Compression wear is a standard therapy for lipedema and lipolymphedema care meant to support lymphatic flow and reduce inflammation. Thirty percent of our participants were able to stop wearing compression garments within the first 3 months following lipedema reduction surgery in agreement with published data from Germany.15,17,24Although our data indicate positive results, the information given by the participants was subject to recall bias; for example, some participants had lipedema reduction surgery over 4 years ago. Questions regarding physical changes and frequency that compression was worn, as well as pain, self-image, and mobility ratings are more likely to be affected by this bias. Some participants had trouble recalling weight changes before and after lipedema reduction surgery. Other factors such as cost, and treatment methods (physician, lipedema reduction surgery type, etc.) were less likely to be affected by recall bias. However, this does not mean that they were without error. To offset this, future studies should be prospective and long term.

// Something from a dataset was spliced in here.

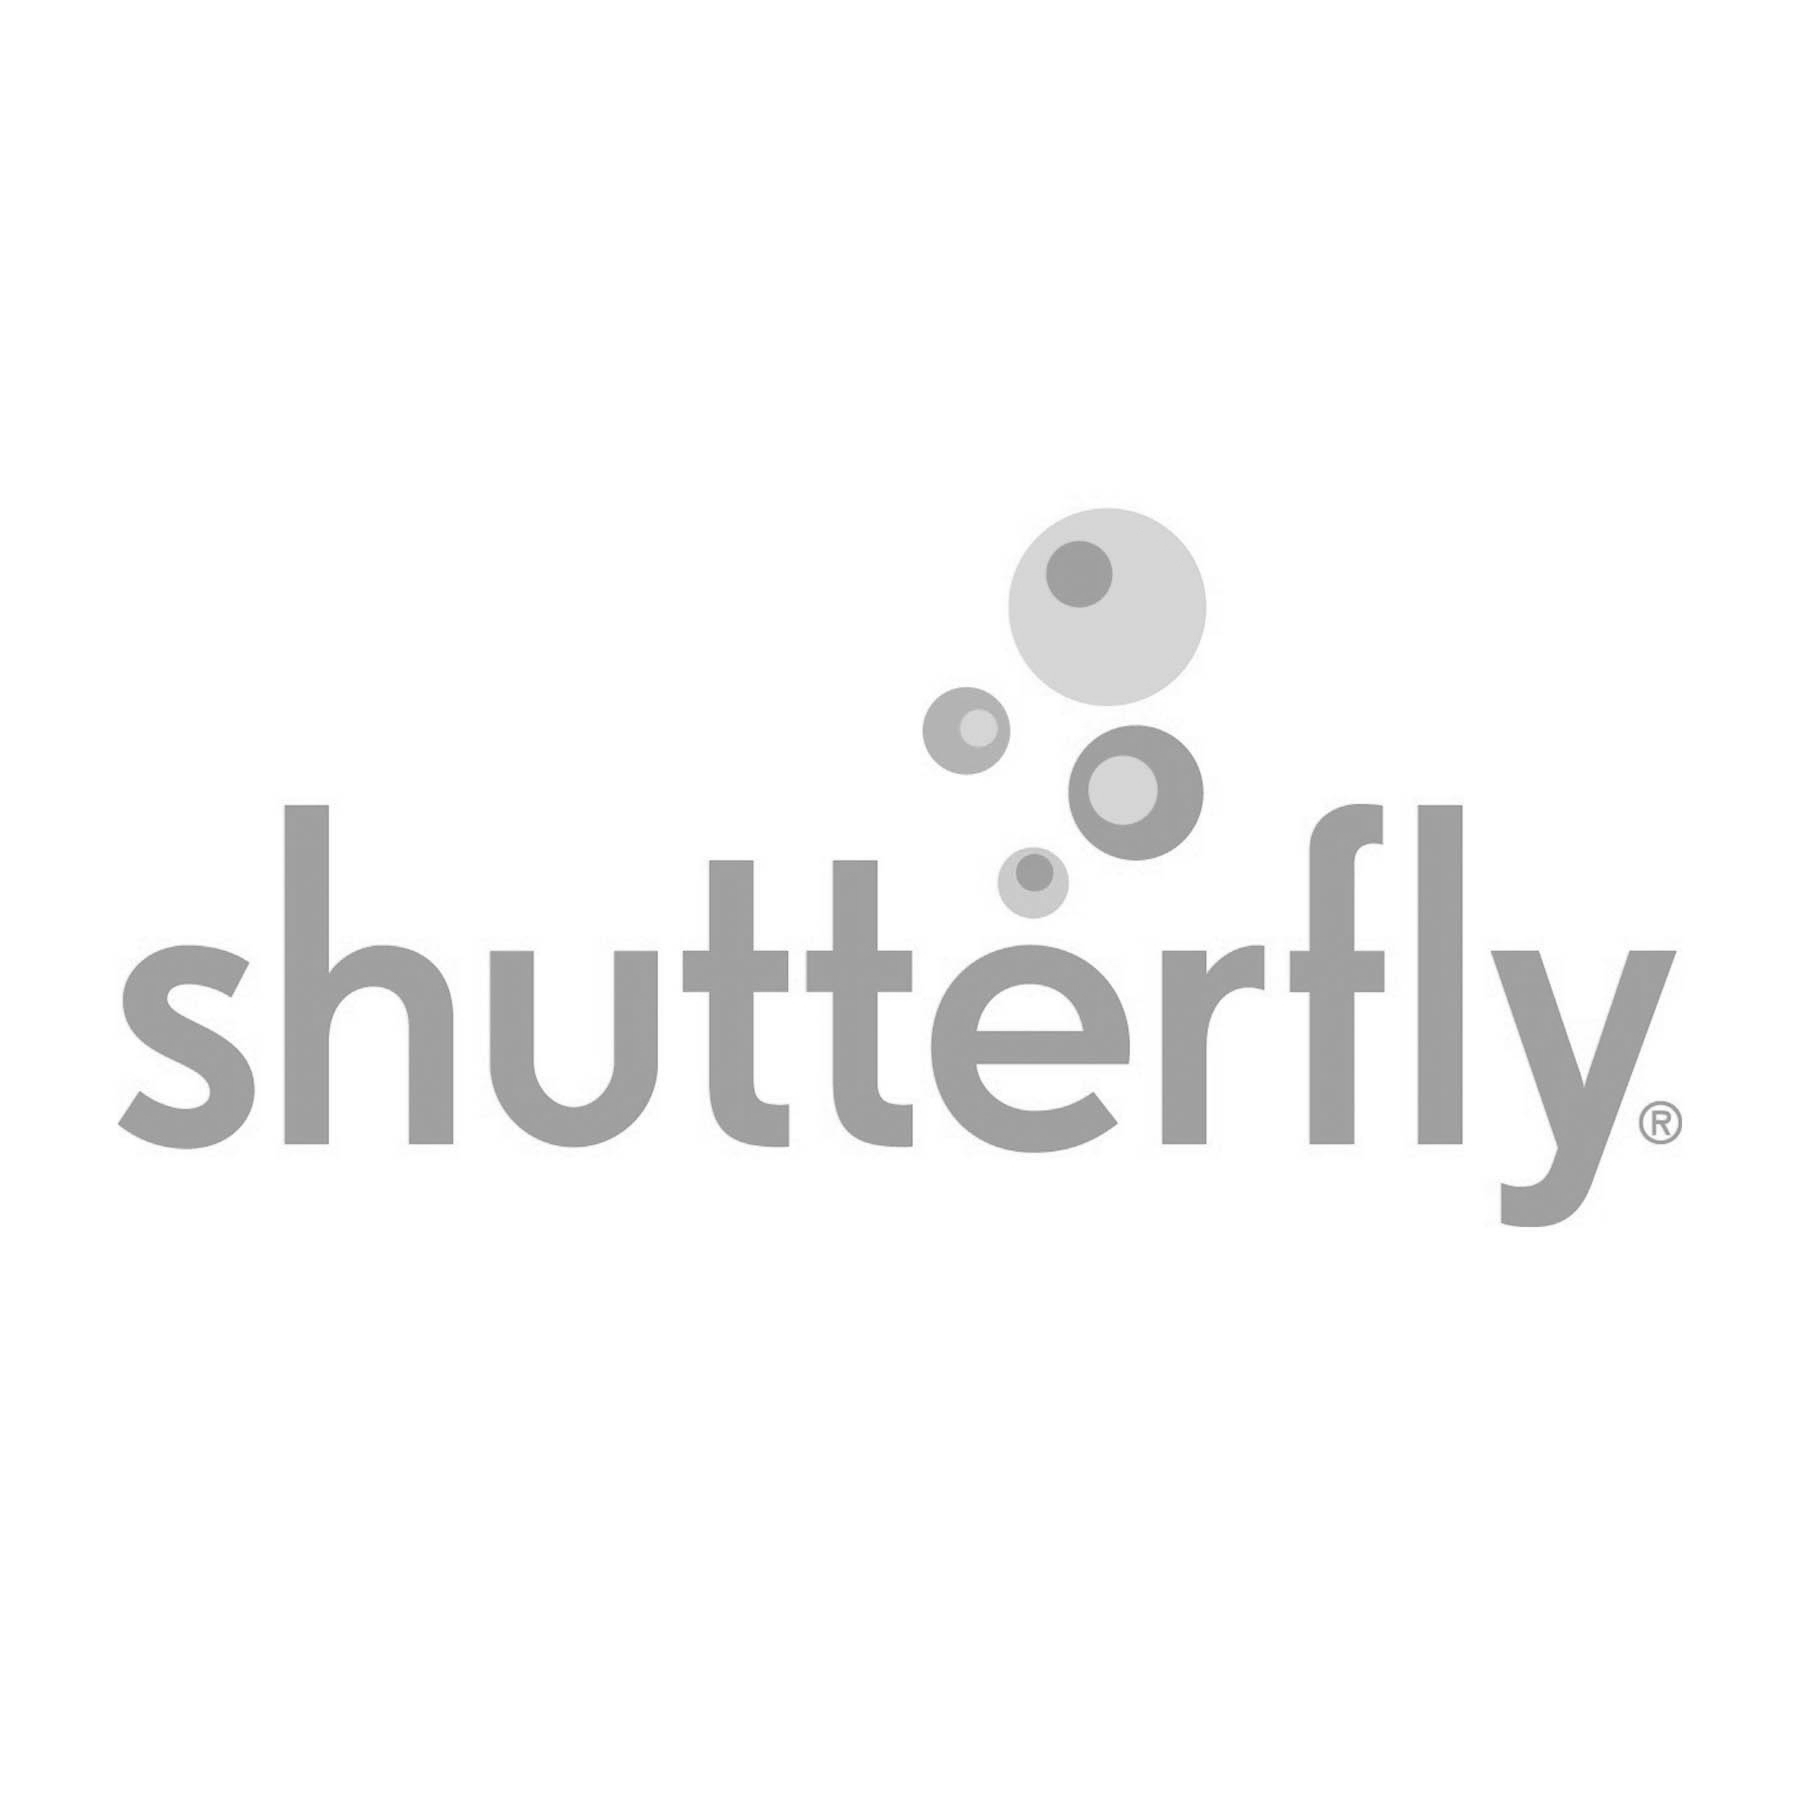 shutterfly.jpg

The applicability of the study was limited by the enrolled participants. Of the 148 participants, only 6 were not White. Future studies should be more inclusive of participants of diverse race and ethnicity. Additionally, different stages of lipedema were underrepresented in this study, with only 6 participants having lipedema Stage 1, and women with lipedema Stage 2 represented nearly half of all participants.
CONCLUSIONS
This retrospective questionnaire study allowed women in the USA to self-report their experience with lipedema reduction surgery. Overall, women with lipedema had improved quality of life with reduced pain, weight and clothing size, and improved ability to walk, but there were concerning complications that need to be addressed in future prospective studies. In addition to pain and quality of life, future studies should monitor lifestyle changes after surgery, weight and body shape, type of surgery, location of surgery, and amount of tissue removed.
ACKNOWLEDGMENT
Thank you to all the women living with lipedema who answered this questionnaire, which could make a difference.
Footnotes
Published online 23 April 2021.
Presented at the 2019 Endocrine Society Meetings, New Orleans, LA.
Disclosure: All the authors have no financial interest in relation to content of this article.This study was funded by the Lipedema Foundation (lipedema.org).